## WHAT THE TASK ASKS
Could you write out, exactly, every line from the top of the data through the line holding "Wohnhaus in waidhofen"? Omit the pictures.

## GIVEN INFORMATION
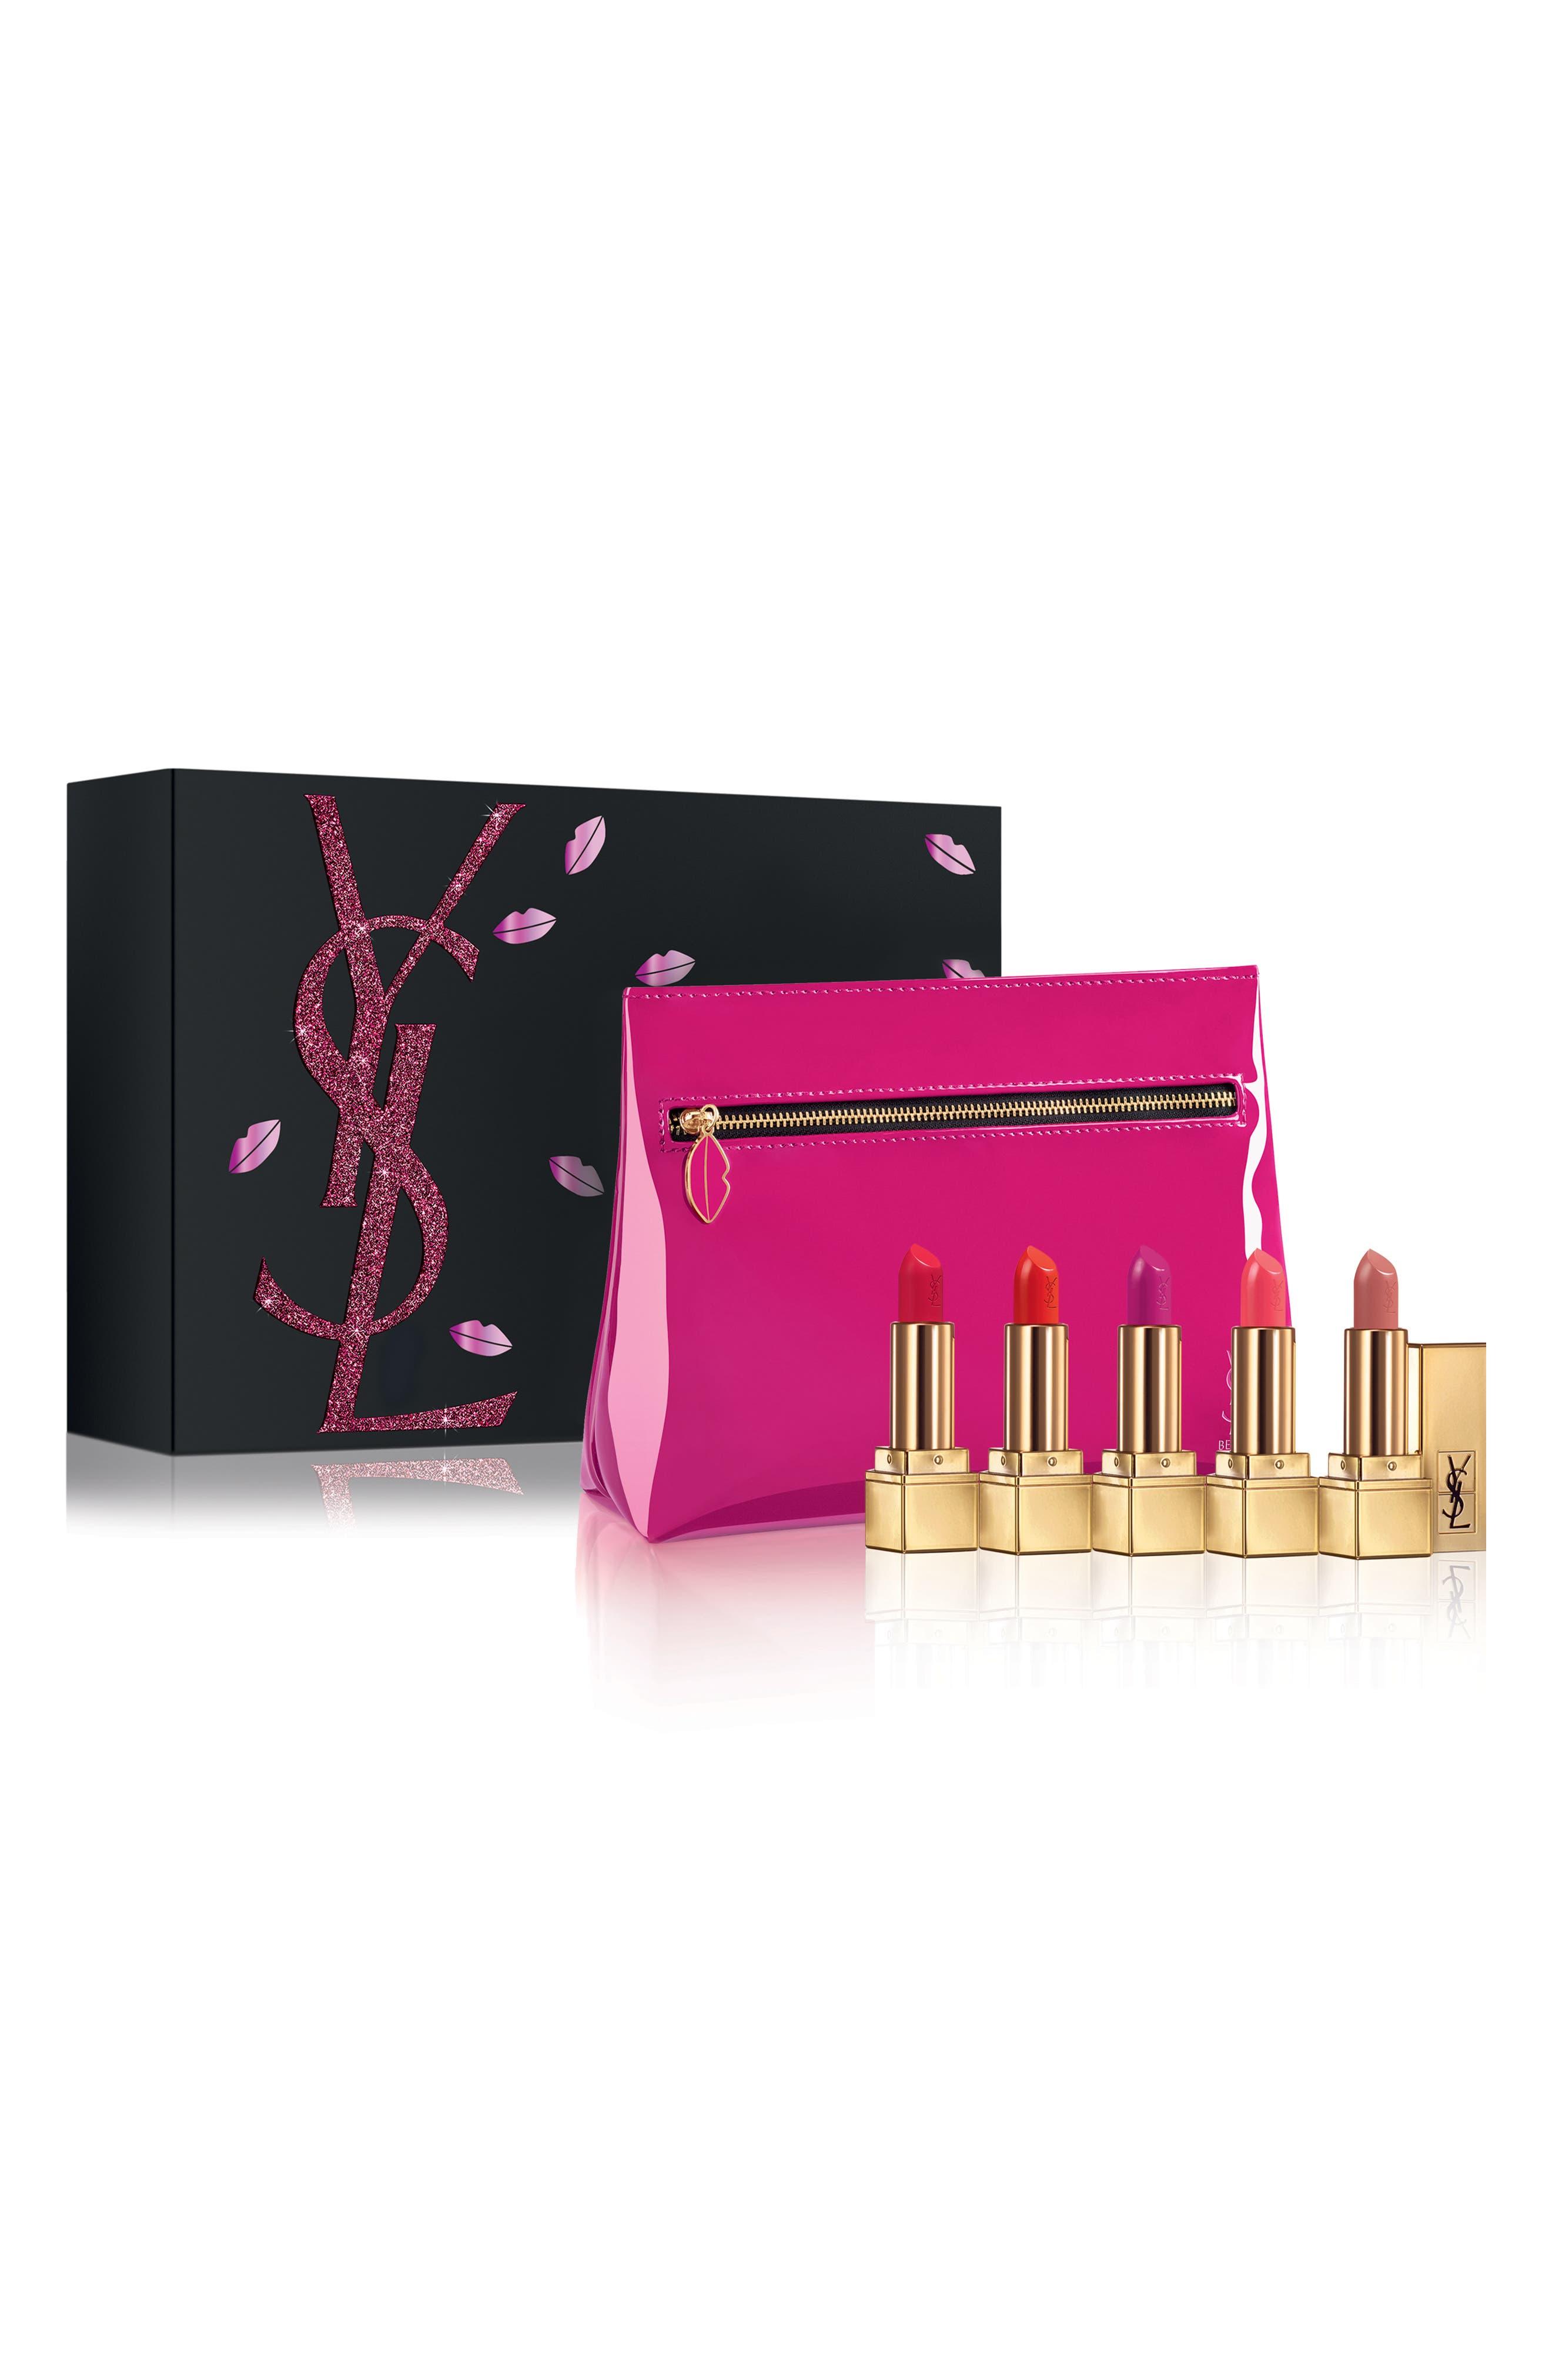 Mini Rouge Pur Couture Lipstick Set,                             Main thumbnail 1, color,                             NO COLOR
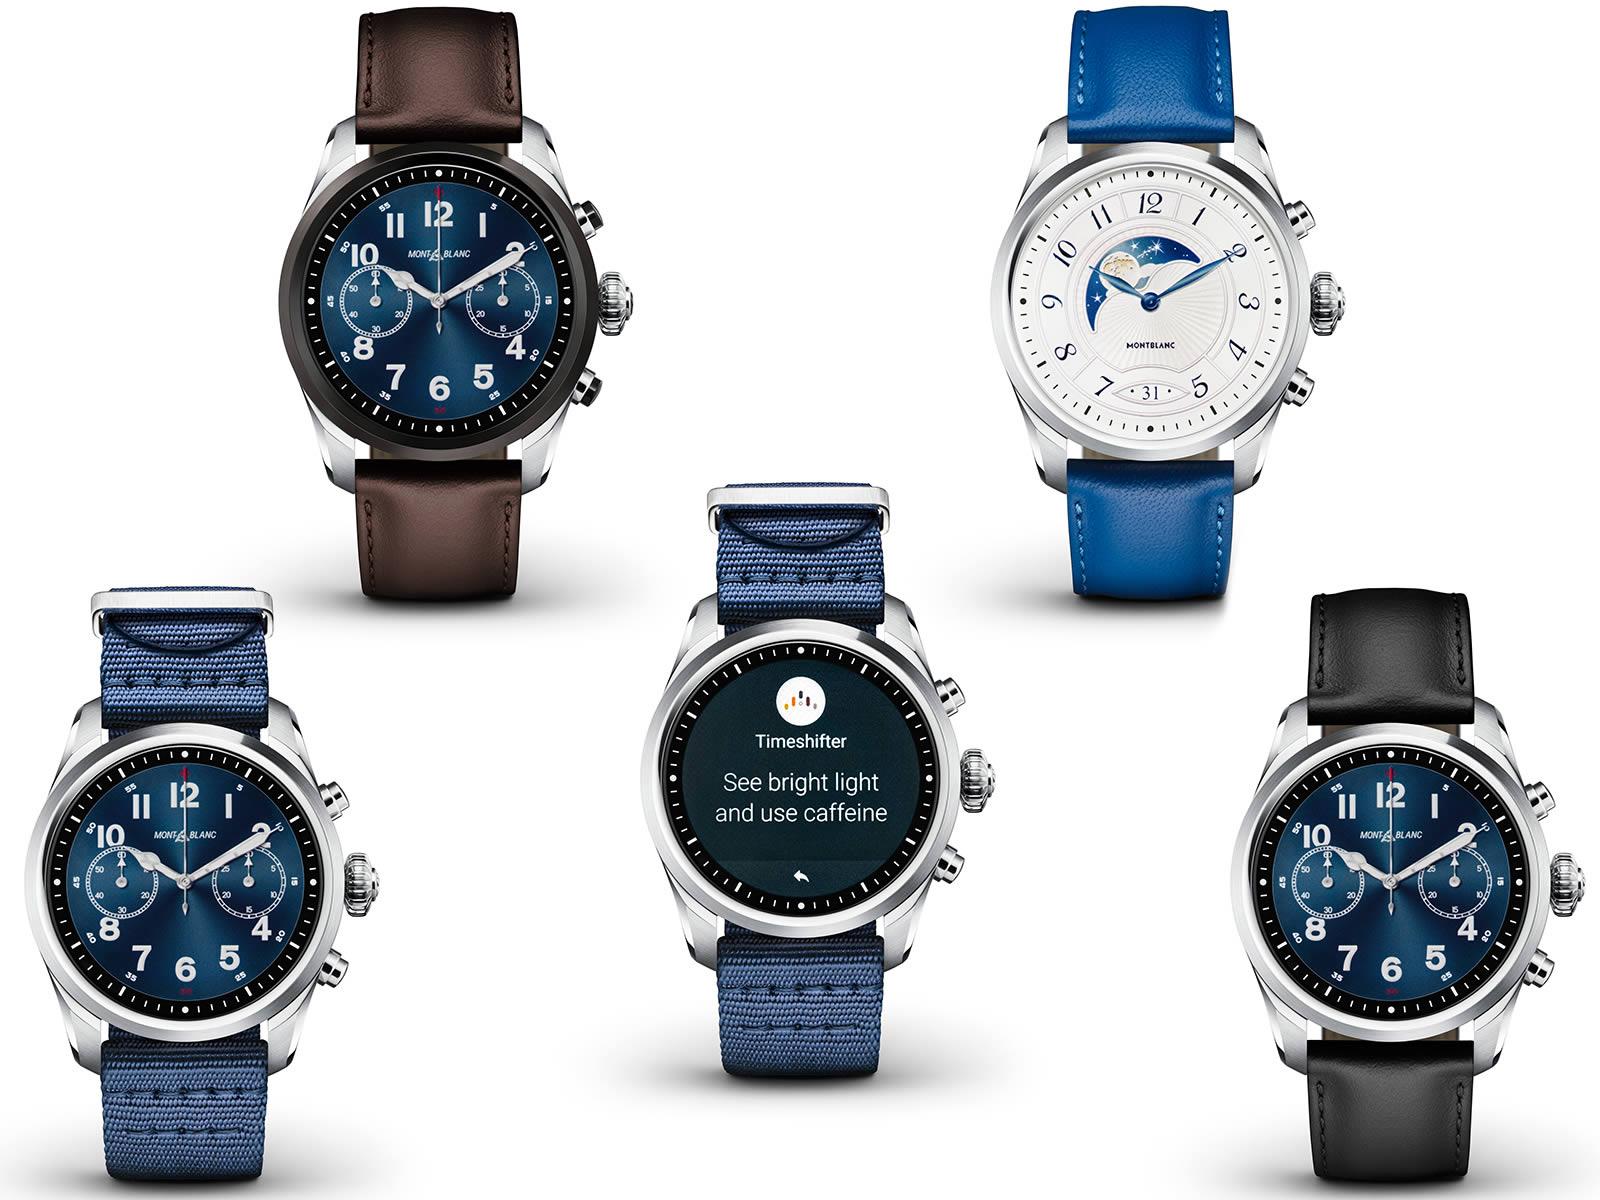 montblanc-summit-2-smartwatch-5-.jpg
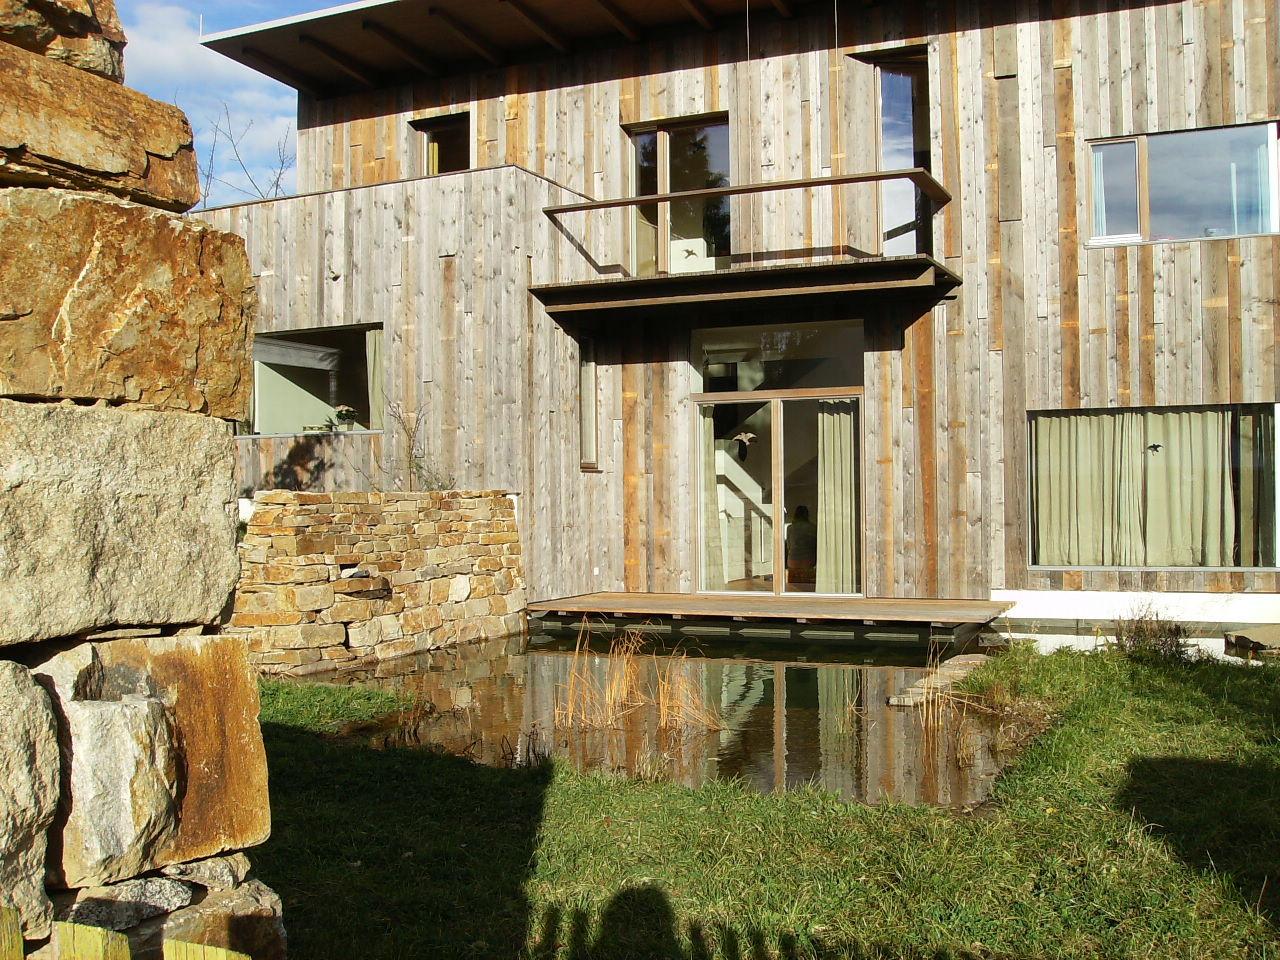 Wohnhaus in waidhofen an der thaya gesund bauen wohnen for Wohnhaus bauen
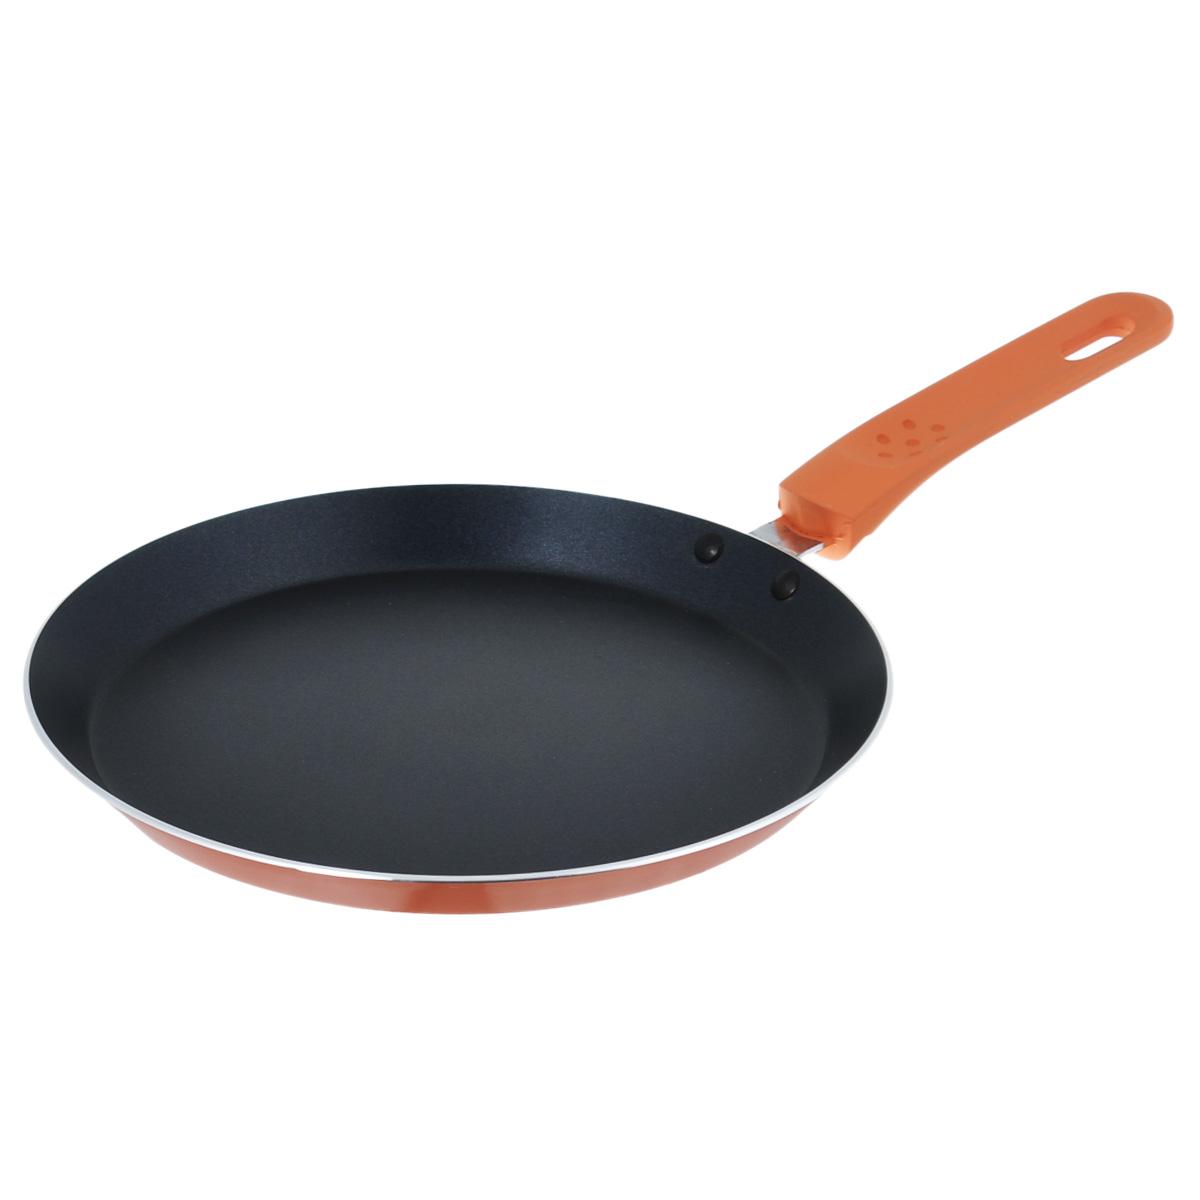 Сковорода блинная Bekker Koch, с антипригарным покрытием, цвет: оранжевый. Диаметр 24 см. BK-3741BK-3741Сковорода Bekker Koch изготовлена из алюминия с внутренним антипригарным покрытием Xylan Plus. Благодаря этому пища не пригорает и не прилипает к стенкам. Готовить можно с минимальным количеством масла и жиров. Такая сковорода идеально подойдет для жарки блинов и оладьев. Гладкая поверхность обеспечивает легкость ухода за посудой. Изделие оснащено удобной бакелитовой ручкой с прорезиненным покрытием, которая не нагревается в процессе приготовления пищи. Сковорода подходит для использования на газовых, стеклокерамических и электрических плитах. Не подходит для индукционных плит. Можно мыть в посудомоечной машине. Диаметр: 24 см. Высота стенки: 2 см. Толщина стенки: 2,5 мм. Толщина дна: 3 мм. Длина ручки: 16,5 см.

## COMPLETED TASK
 Mini Rouge Pur Couture Lipstick Set,                             Main thumbnail 1, color,                             NO COLOR
 montblanc-summit-2-smartwatch-5-.jpg
 Wohnhaus in waidhofen an der thaya gesund bauen wohnen for Wohnhaus bauen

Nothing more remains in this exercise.